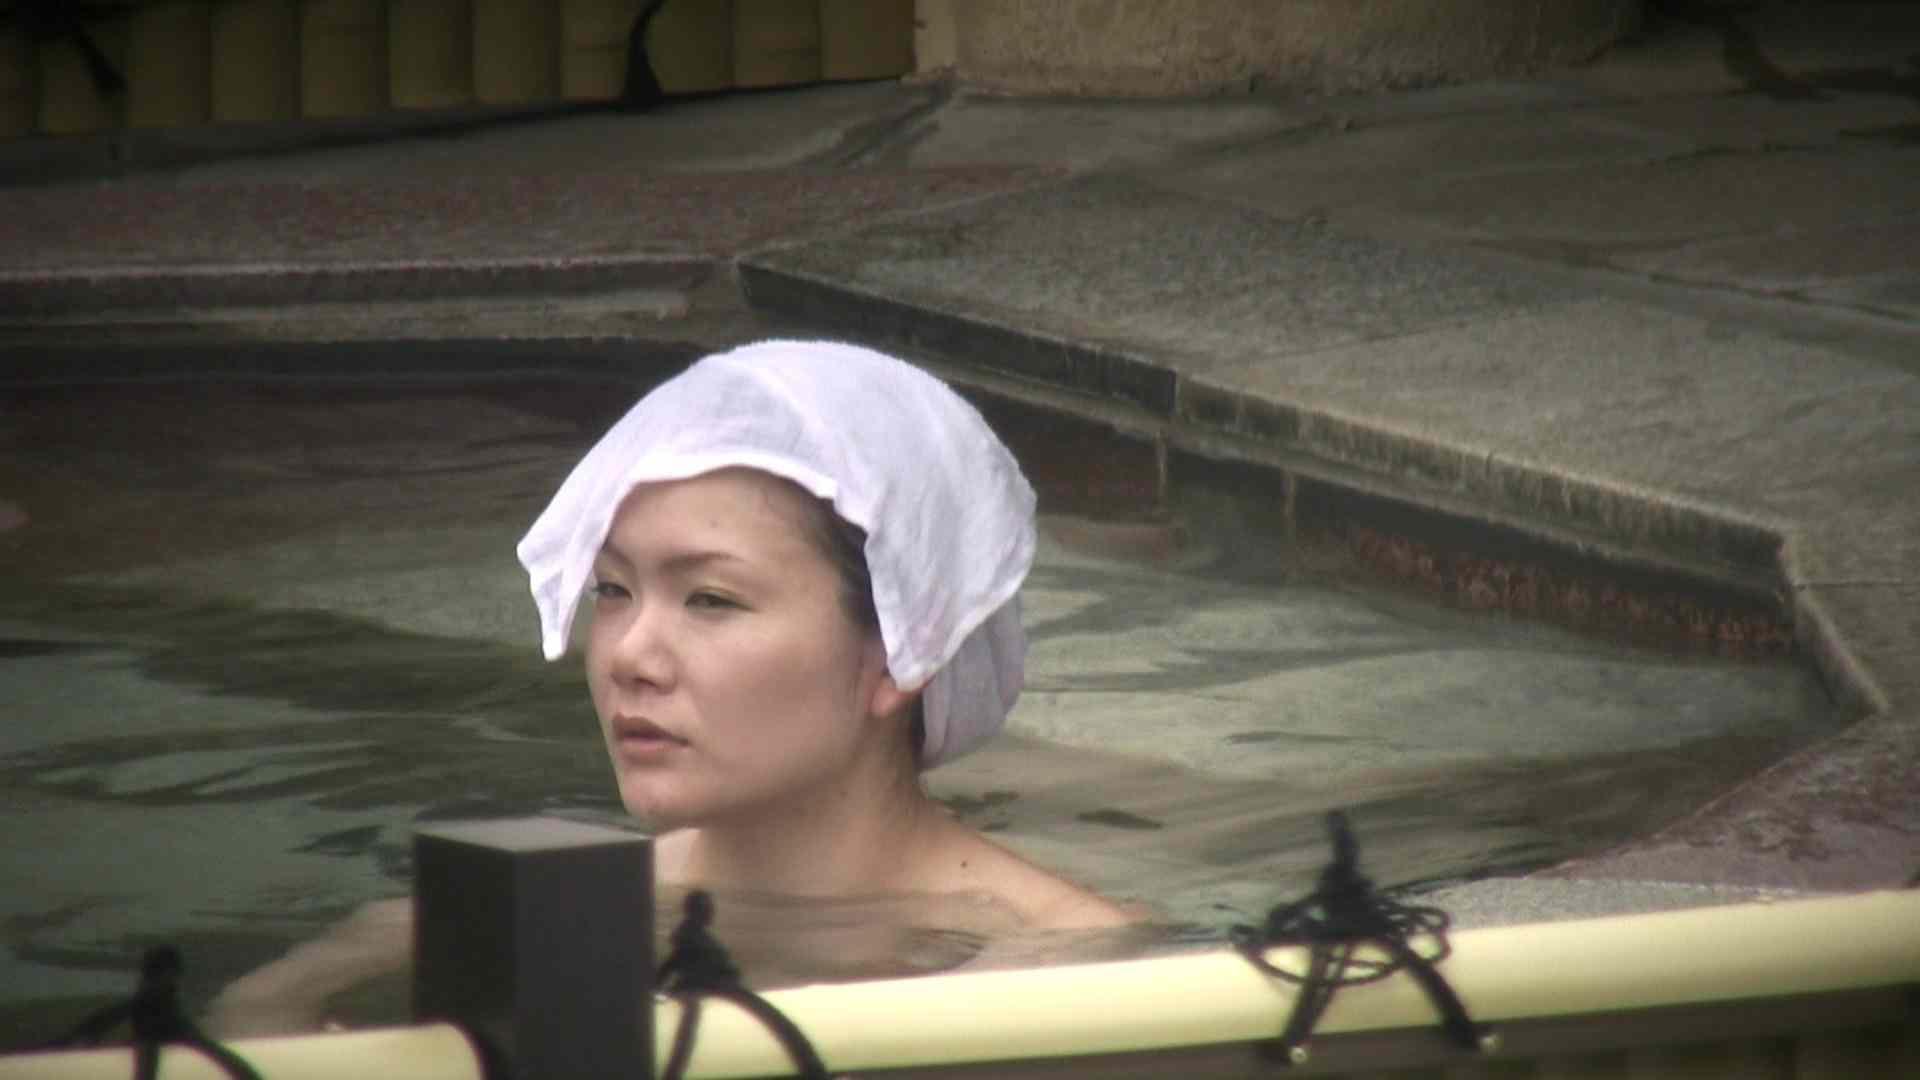 Aquaな露天風呂Vol.12【VIP】 HなOL | 盗撮  83pic 8
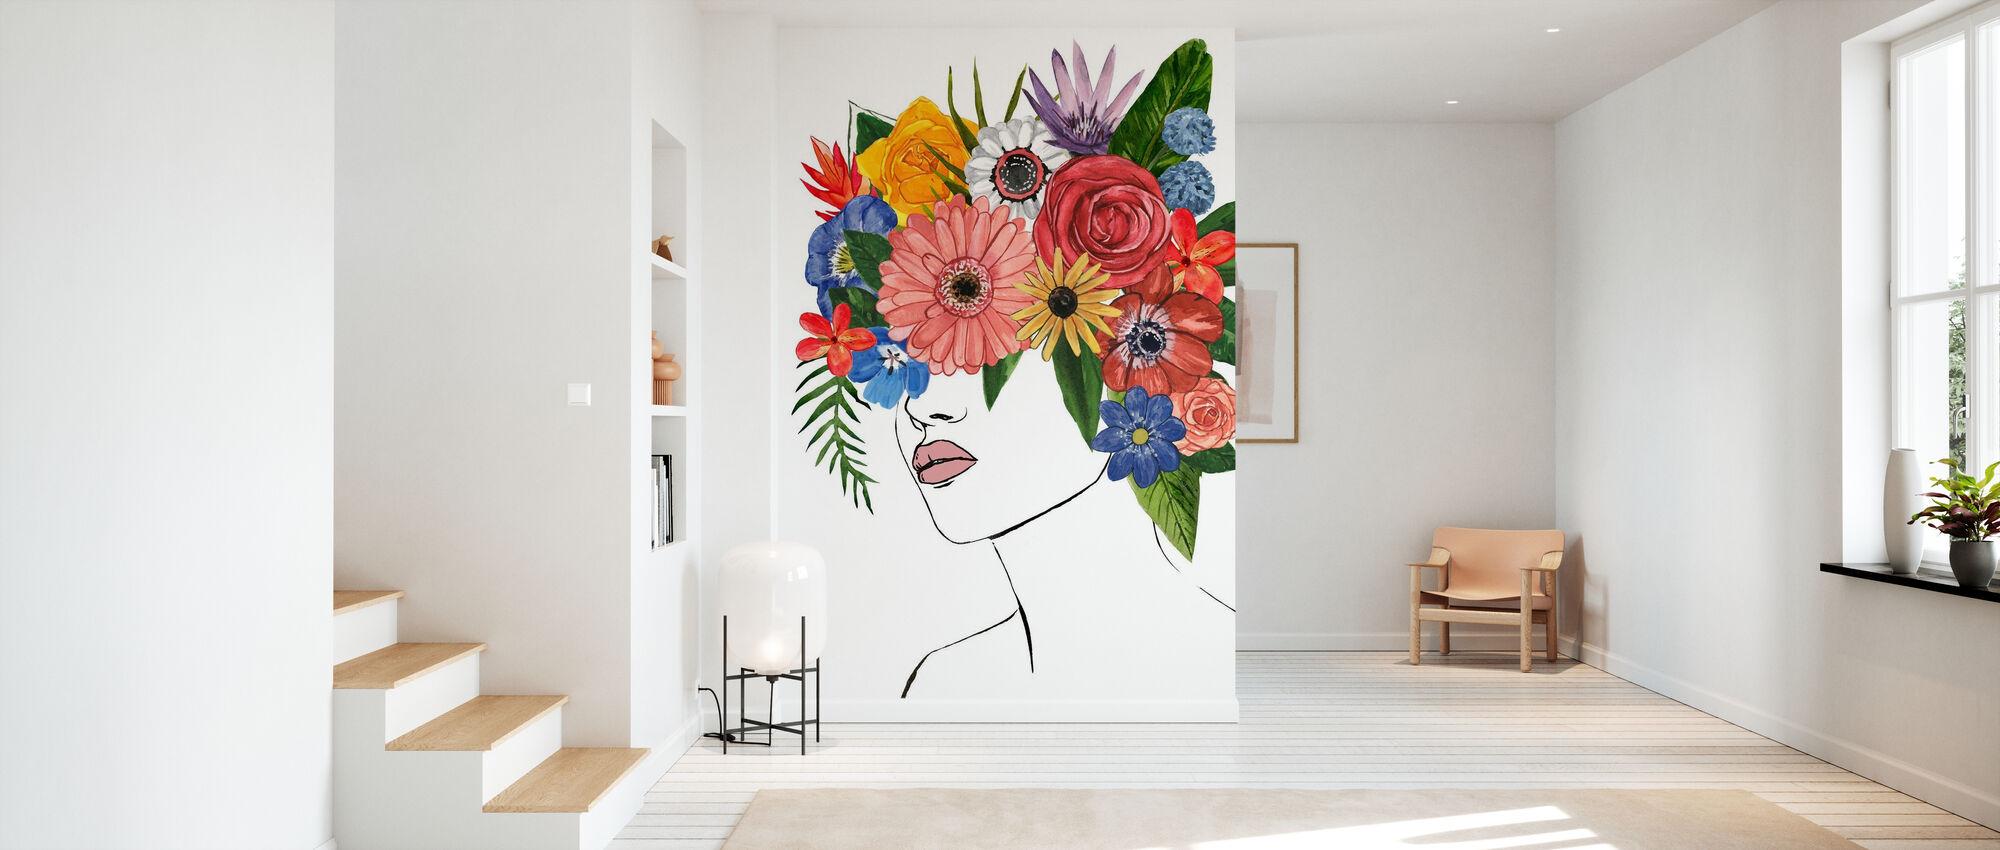 Flower Lady - Wallpaper - Hallway
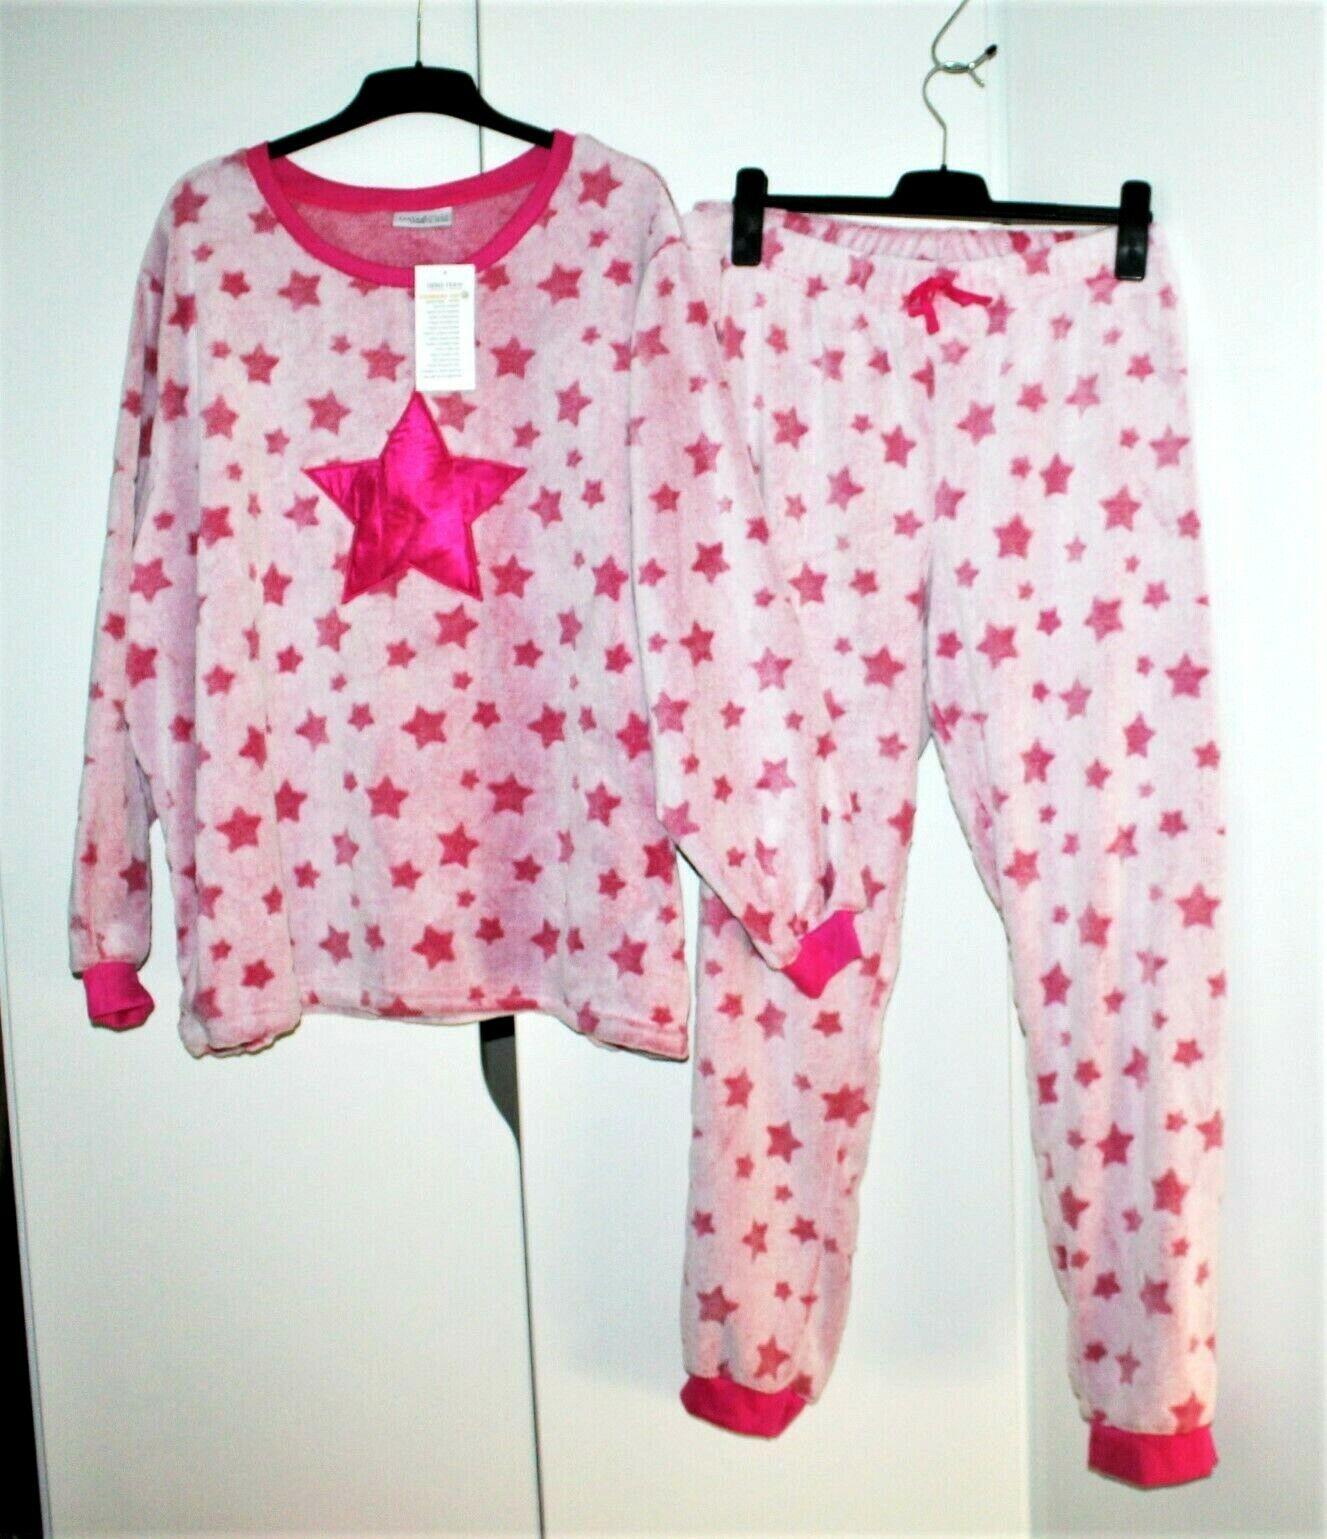 Janina Damen Neu Kuschelschlafanzug Pijama Hausanzug Freizeitanzug Gr. 3XL 56/58

Directions
Your copy should hold each line above exactly and no pictures at all.

Solution to this problem
 Aquaな露天風呂Vol.12【VIP】 HなOL | 盗撮  83pic 8
 Flower Lady - Wallpaper - Hallway
 Janina Damen Neu Kuschelschlafanzug Pijama Hausanzug Freizeitanzug Gr. 3XL 56/58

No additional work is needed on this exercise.